A particle (m=3*10^-6 g, q=5*10^-6 C) moves in a uniform magnetic field given by (60j) mT. At t=0 the velocity of the particle is equal to (30j - 40k)m/s. The subsequent path of the particle is?

I know that the answer is: helical with a 40-cm radius. But i don't know the solution to get to this answer. I really need help.

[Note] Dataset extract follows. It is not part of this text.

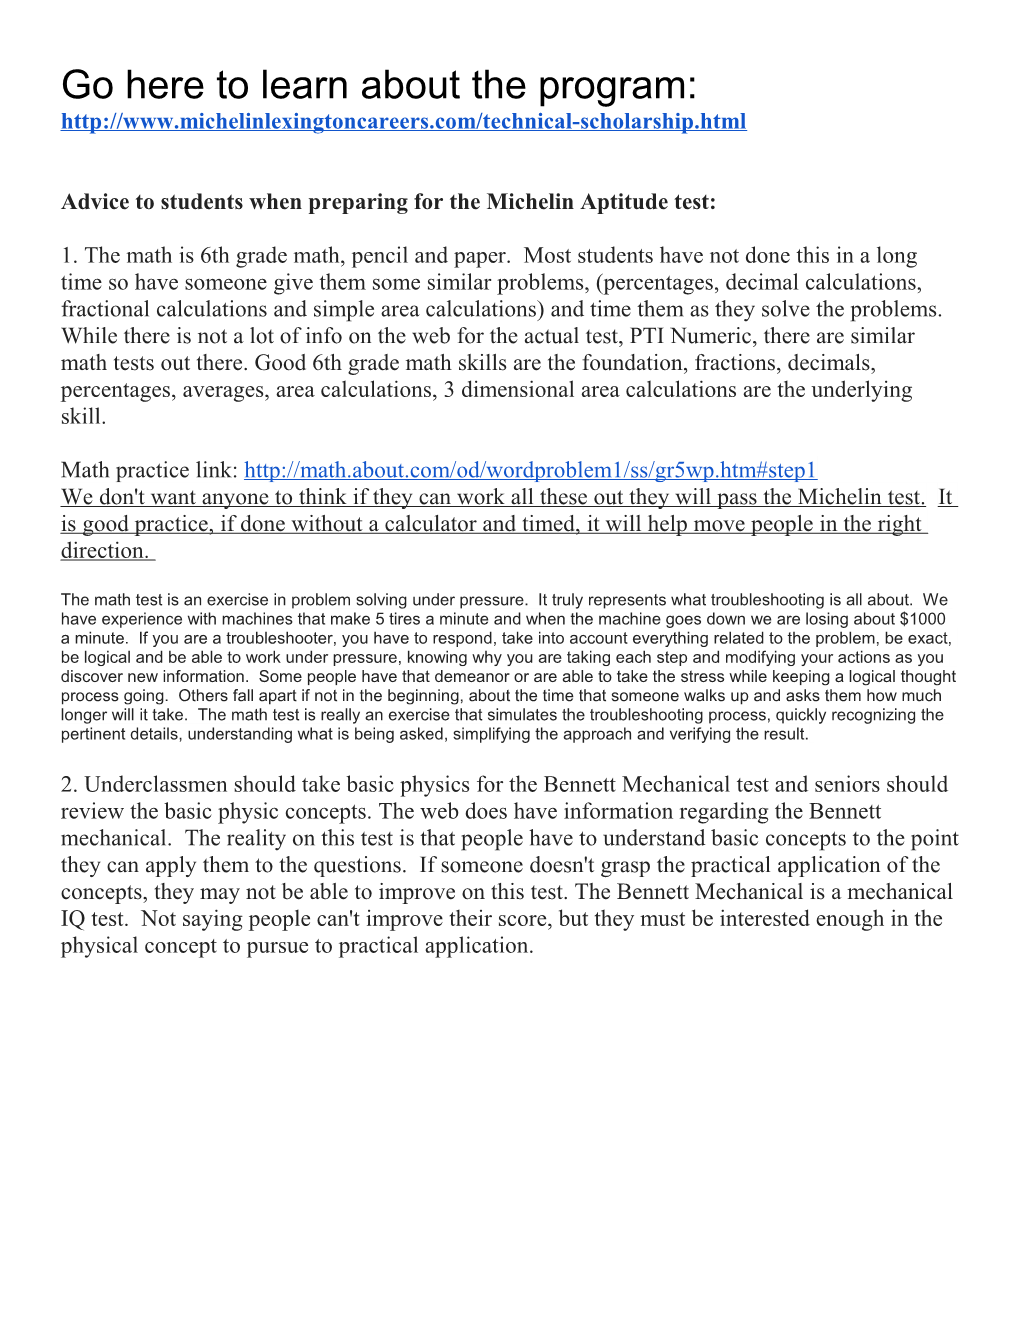 Advice to Students When Preparing for the Michelin Aptitude Test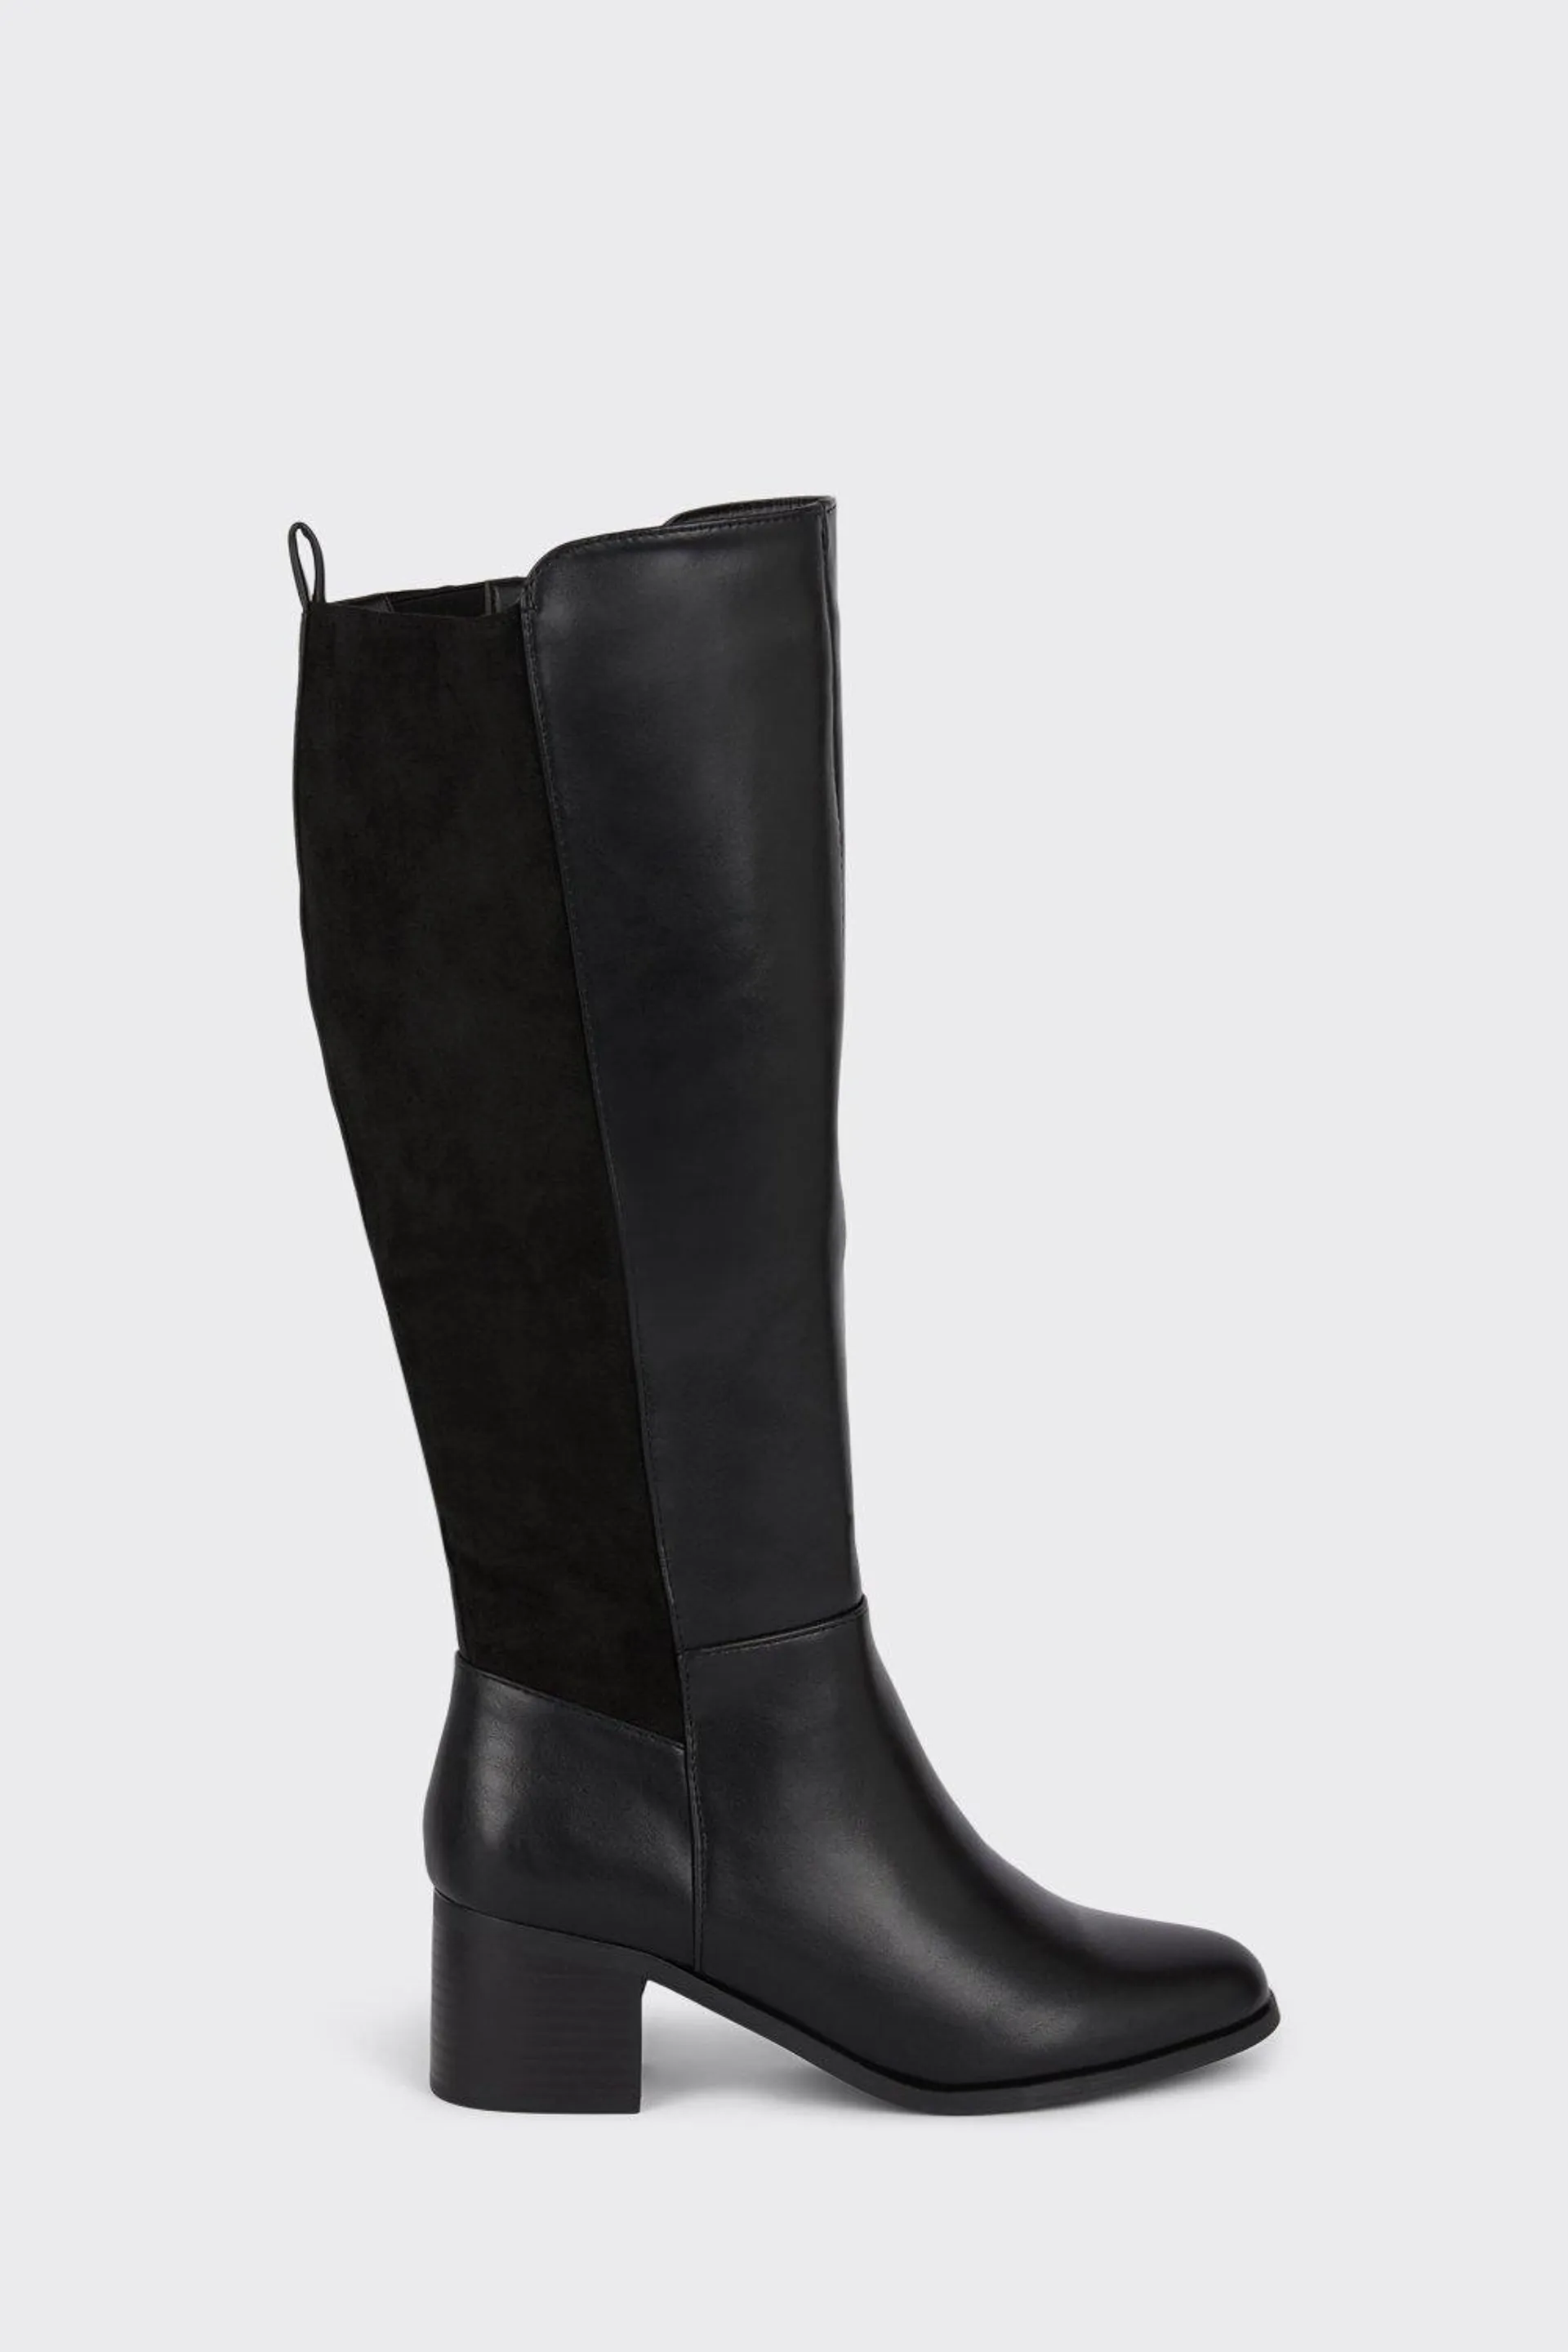 Haven Classic Block Heeled Knee High Boots

Thanks for anything!

To find the subsequent path of the particle in a uniform magnetic field, we can use the Lorentz force equation:

F = q(v x B)

Where,
F = Force experienced by the particle
q = Charge of the particle
v = Velocity vector of the particle
B = Magnetic field vector

Let's calculate the force first:

F = q(v x B)

Given that q = 5 * 10^-6 C and B = 60j mT = 60 * 10^-3 T,

F = 5 * 10^-6 C * (30j - 40k)m/s x (60 * 10^-3 T)j

F = (5 * 30 * 60 * 10^-9 N)j x j - (5 * 40 * 60 * 10^-9 N)j x k

F = (9 * 10^-8 N)j - (12 * 10^-8 N)k

Next, we calculate the acceleration:

a = F / m

Given that the mass of the particle is m = 3 * 10^-6 g = 3 * 10^-9 kg,

a = (9 * 10^-8 N)j - (12 * 10^-8 N)k / (3 * 10^-9 kg)

a = (3 * 10^1 m/s^2)j - (4 * 10^1 m/s^2)k

Now, we find the radius of the helical path using the centripetal acceleration formula:

a = v^2 / r

Given that the velocity v = 30j - 40k m/s,

(3 * 10^1 m/s^2)j - (4 * 10^1 m/s^2)k = (30j - 40k m/s)^2 / r

(3 * 10^1 m/s^2)j - (4 * 10^1 m/s^2)k = (900j^2 - 2400jk + 1600k^2) m^2/s^2 / r

Equating the coefficients of respective vectors,

30 = 900 / r (coefficient of j)
40 = 1600 / r (coefficient of k)

From the second equation, we can find the value of r as:

r = 40 * 1600 / 1600

r = 40 m

The subsequent path of the particle is helical with a radius of 40 cm.